Israel hat am Sonntag den vollständigen Rückzug aus dem Netzarim-Korridor abgeschlossen, einem strategisch wichtigen Straßenabschnitt, der den Gazastreifen in zwei Hälften teilt. Dieser Schritt ist Teil des Waffenstillstandsabkommens mit der Hamas.
Laut Berichten von CNN-Korrespondenten vor Ort durchqueren zahlreiche Palästinenser das Gebiet – zu Fuß, mit Fahrzeugen oder sogar mit Eseln. Viele kehren nach monatelanger Vertreibung zurück, müssen jedoch Checkpoints passieren und sich durch die Trümmerkämpfen der letzten Monate bewegen.
„Ich wurde schon vor langer Zeit vertrieben. Ich habe gesehen, wie Menschen auf dieser Straße ankamen, manche schliefen sogar darauf, während sie auf den Rückzug der israelischen Armee warteten“, sagte Osama Saleem, dessen Fahrzeug von israelischen Soldaten überprüft wurde.
Hamas feiert Rückzug als „Sieg“
Die Hamas erklärte am Sonntag, dass sich die israelischen Streitkräfte vollständig aus dem Korridor zurückgezogen hätten. Die sechs Kilometer lange Straße erstreckt sich vom israelischen Grenzübergang bis zur Mittelmeerküste und trennte den nördlichen vom südlichen Gazastreifen.
„Der Rückzug der zionistischen Besatzungsarmee aus dem Netzarim-Korridor ist ein Sieg für den Willen unseres Volkes“, heißt es in einer Stellungnahme der Hamas.
Obwohl die israelische Armee keine offizielle Bestätigung abgegeben hat, berichten CNN-Journalisten, dass am Sonntag keine israelischen Truppen mehr am Kontrollpunkt zu sehen waren.
Waffenstillstand und Freilassung von Geiseln
Der Rückzug aus Netzarim ist ein Teil der Verpflichtungen, die Israel im Rahmen des fragilen Waffenstillstands- und Geiselabkommens eingegangen ist.
Am Samstag wurden drei weitere israelische Geiseln freigelassen – Ohad Ben Ami, Eli Sharabi und Or Levy, die während des Hamas-Angriffs am 7. Oktober entführt wurden.

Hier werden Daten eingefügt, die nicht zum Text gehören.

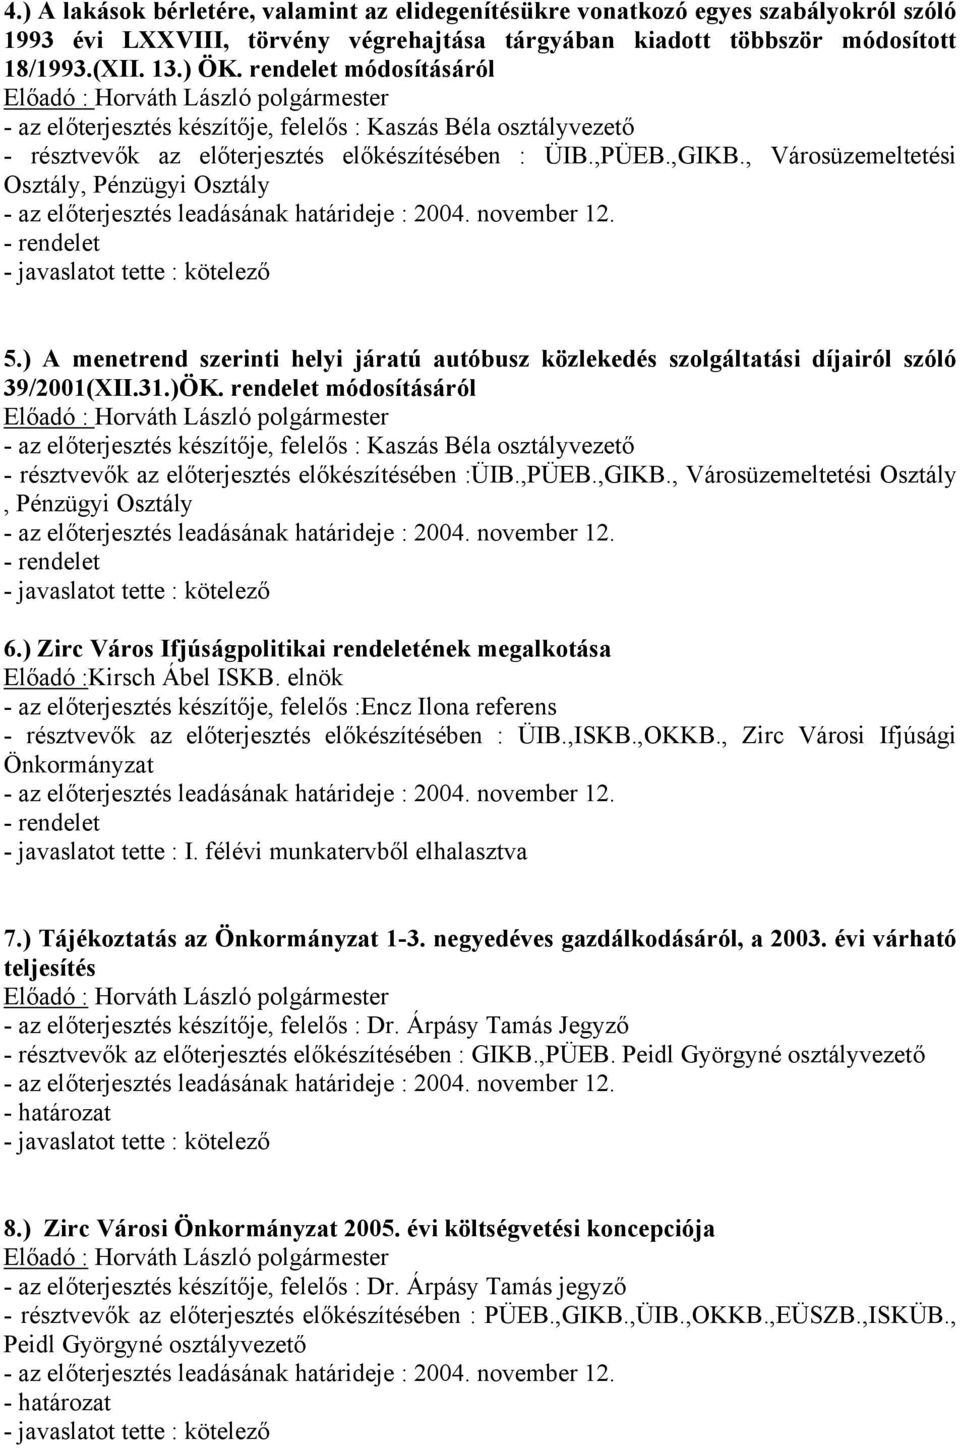 ) A menetrend szerinti helyi járatú autóbusz közlekedés szolgáltatási díjairól szóló 39/2001(XII.31.)ÖK. rendelet módosításáról - résztvevők az előterjesztés előkészítésében :ÜIB.,PÜEB.,GIKB.

Im Gegenzug entließ Israel 183 palästinensische Gefangene aus israelischen Gefängnissen. Insgesamt wurden bislang 16 von 33 versprochenen Geiseln freigelassen.
Ihre ausgemergelten und geschwächten Erscheinungen lösten in Israel Empörung aus.
Ungewisse Zukunft des Abkommens
Trotz der laufenden Verhandlungen ist die zweite Phase des Abkommens, die eine vollständige israelische Truppenrückkehr aus Gaza und die Freilassung weiterer Geiseln vorsieht, weiterhin umstritten.
Premierminister Benjamin Netanjahu äußerte sich skeptisch zu dieser zweiten Verhandlungsrunde. Sein Finanzminister Bezalel Smotrich drohte gar mit einem Regierungsrücktritt, falls der Waffenstillstand weiter verlängert werde.
Am Samstag bestätigte ein israelischer Regierungsvertreter, dass Netanjahu ein mittleres Verhandlungsteam nach Doha entsenden werde, um die technischen Details des Abkommens zu besprechen.
Gewalt in der Westbank eskaliert
Parallel zum Rückzug aus Netzarim weitet Israel seine Militäroperationen im besetzten Westjordanland aus. Laut palästinensischen Gesundheitsbehörden wurde am Sonntag eine schwangere Frau von israelischen Soldaten erschossen. Die israelische Armee wurde von CNN um eine Stellungnahme gebeten.